Wie erfährt der oder die Sterbende in dieser Phase Gott? Auch religiös desinteressierte, atheistische Menschen berichten nach einem Nahtoderlebnis, dass sie eine „gerichtsähnliche“ Erfahrung machen mussten. Nicht vor einem personalisierten Gott, sondern vor einer übernatürlichen Instanz der Wahrheit, in deren klarem Licht alles Verborgene deutlich erkennbar ist. Hier kommt die Urangst alles Geschöpflichen zum Durchbruch, vor einem unbekannten Gott, unabhängig von religiöser oder atheistischer Prägung, unabhängig von religiöser Erziehung. Diese Konfrontation erfahren wir in diesem Leben in mehr oder minder ausgeprägter Form unbewusst bereits im Mutterleib, in schweren Krisensituationen, bei Traumata, Gewalt, Trennung, als eine Grenzerfahrung des Transzendenten, in der man nur mehr allein auf sich gestellt ist. Die Urangst hat uns nicht eine „dunkle“ antiquierte Theologie eingeredet, sondern es sind die konkrete Erfahrungen von Sterbenden, wie sie von einfühlsamen Sterbebegleiterinnen, Pflegepersonal oder Angehörigen berichtet werden.

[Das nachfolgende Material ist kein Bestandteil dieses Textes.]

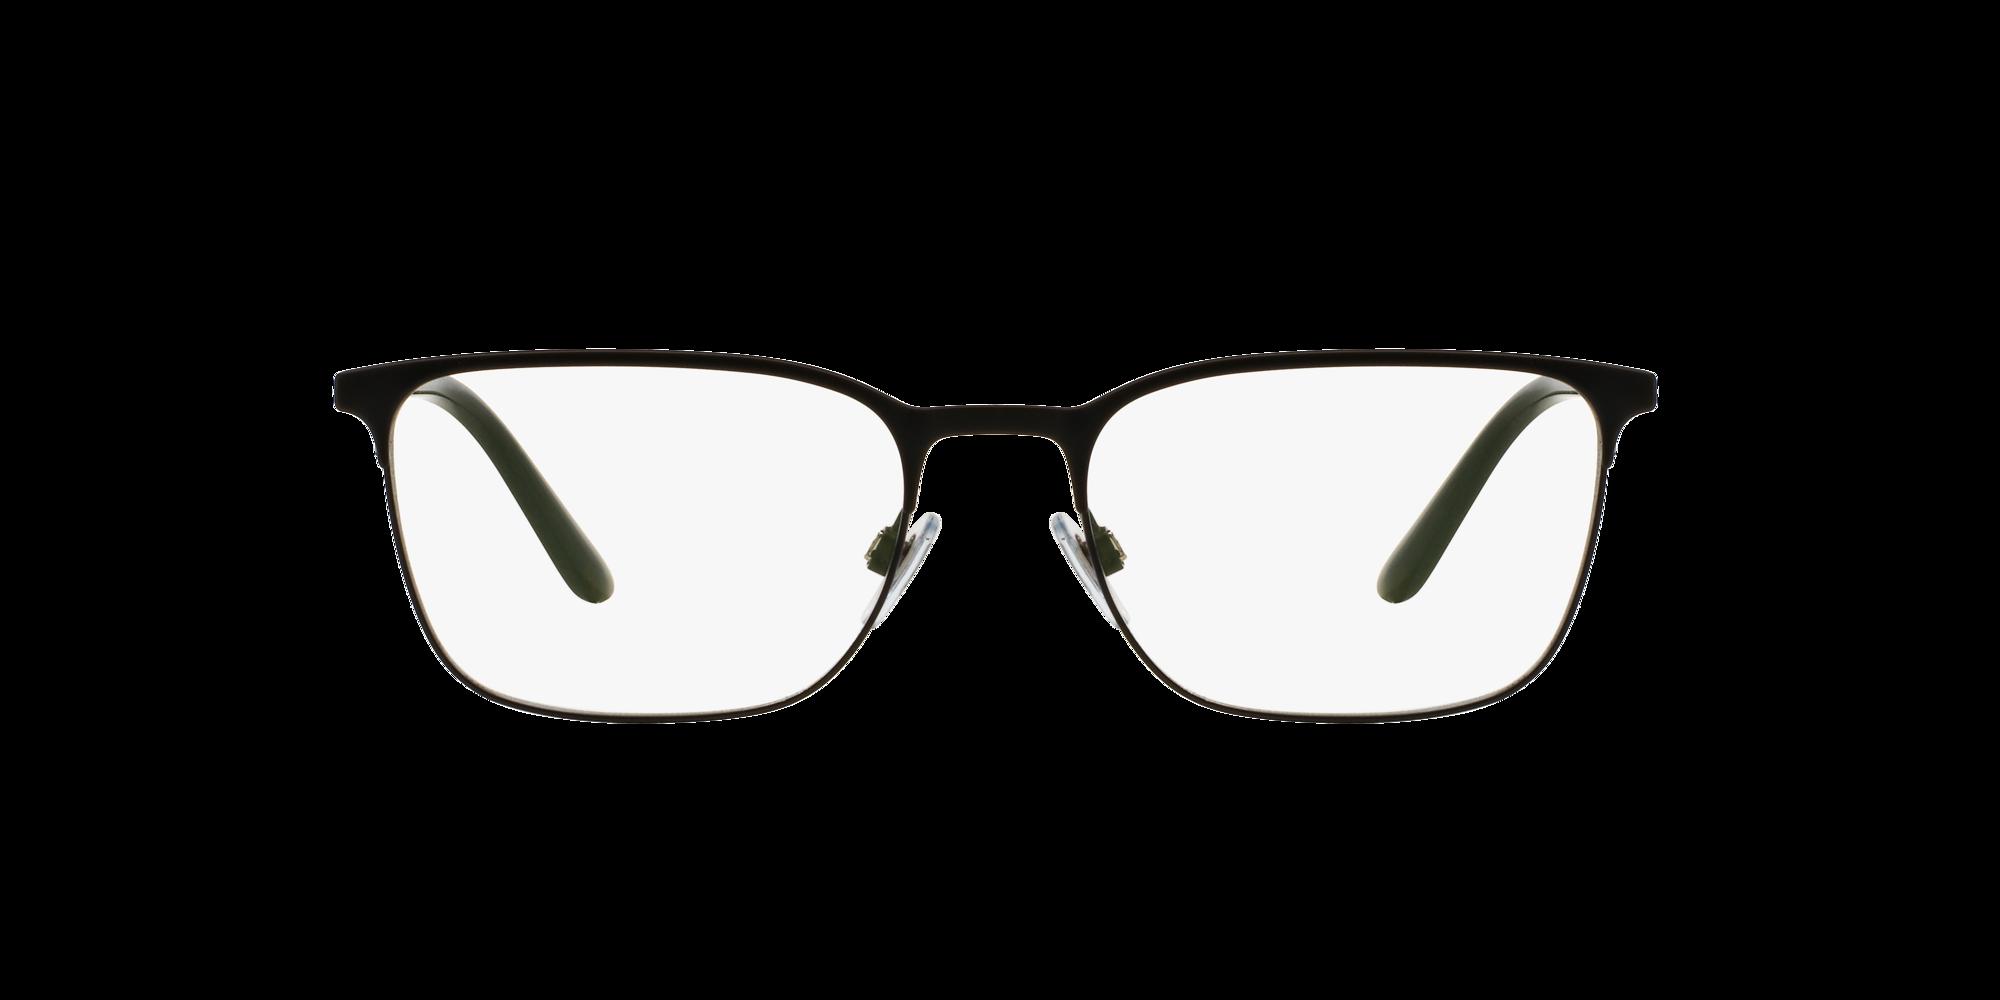 Image for AR5054 from LensCrafters | Glasses, Prescription Glasses Online, Eyewear

Wie wichtig ist in dieser Phase therapeutische, seelsorgliche Begleitung? Es werden immer weniger Rituale im konfessionellen Kontext gewünscht, die von den Religionsgemeinschaften angeboten werden, mit der Begründung, nicht religiös zu sein. Ironisch könnte man darauf erwidern: die Seelsorger seien es ja auch nicht …! Tatsächlich geht es um die Aufarbeitung des Lebens mit allen Defiziten und Brüchen, um Versöhnung, Begleitung von Ängsten und Vorbereitung auf den Übergang. Der Tod schafft sich mit seiner Unausweichlichkeit und Endgültigkeit einen heiligen machtvollen Raum, dem kein Mensch entrinnen kann.